# Task details
Scan the records for lines with the word "shot", and copy every such line.
+++ The data +++
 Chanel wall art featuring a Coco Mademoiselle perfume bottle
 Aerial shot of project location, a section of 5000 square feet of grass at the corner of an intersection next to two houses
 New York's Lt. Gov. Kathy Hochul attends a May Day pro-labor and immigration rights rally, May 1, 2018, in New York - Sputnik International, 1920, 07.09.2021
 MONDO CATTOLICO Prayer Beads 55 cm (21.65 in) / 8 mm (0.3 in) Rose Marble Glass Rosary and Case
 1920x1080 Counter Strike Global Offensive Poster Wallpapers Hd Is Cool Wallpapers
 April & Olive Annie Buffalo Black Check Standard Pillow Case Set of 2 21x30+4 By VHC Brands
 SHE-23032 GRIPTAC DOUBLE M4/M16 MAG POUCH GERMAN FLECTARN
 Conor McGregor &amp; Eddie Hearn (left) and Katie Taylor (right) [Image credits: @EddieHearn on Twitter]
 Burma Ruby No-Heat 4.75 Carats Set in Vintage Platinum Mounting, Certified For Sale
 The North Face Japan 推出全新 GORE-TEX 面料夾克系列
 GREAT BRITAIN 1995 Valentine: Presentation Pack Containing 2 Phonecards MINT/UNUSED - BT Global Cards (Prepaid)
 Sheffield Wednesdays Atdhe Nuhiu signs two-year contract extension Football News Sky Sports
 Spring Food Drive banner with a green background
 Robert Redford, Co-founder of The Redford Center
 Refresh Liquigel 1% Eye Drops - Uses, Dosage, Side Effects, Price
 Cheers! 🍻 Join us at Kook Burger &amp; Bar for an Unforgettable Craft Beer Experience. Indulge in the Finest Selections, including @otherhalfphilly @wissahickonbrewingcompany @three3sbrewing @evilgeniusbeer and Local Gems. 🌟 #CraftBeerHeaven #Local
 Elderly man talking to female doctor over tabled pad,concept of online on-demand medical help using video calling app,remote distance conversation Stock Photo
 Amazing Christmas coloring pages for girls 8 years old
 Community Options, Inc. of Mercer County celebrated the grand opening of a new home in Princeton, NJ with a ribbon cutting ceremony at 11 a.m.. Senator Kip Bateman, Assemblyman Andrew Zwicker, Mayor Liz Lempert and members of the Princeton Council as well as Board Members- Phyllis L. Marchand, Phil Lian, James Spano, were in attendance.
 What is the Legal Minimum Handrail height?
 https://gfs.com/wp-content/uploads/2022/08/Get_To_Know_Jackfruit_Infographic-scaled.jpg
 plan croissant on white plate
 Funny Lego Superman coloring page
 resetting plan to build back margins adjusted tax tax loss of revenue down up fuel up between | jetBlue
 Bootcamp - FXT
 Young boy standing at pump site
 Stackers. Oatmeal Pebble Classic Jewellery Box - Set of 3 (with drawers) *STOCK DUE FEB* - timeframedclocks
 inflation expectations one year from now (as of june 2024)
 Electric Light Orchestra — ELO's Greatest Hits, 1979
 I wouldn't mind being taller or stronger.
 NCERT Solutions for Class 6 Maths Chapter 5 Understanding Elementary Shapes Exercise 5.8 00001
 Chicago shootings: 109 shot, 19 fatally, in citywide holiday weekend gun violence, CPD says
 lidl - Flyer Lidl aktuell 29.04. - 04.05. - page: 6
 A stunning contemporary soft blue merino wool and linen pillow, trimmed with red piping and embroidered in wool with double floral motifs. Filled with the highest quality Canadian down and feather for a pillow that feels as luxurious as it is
+++
# Answer below
 Aerial shot of project location, a section of 5000 square feet of grass at the corner of an intersection next to two houses
 Chicago shootings: 109 shot, 19 fatally, in citywide holiday weekend gun violence, CPD says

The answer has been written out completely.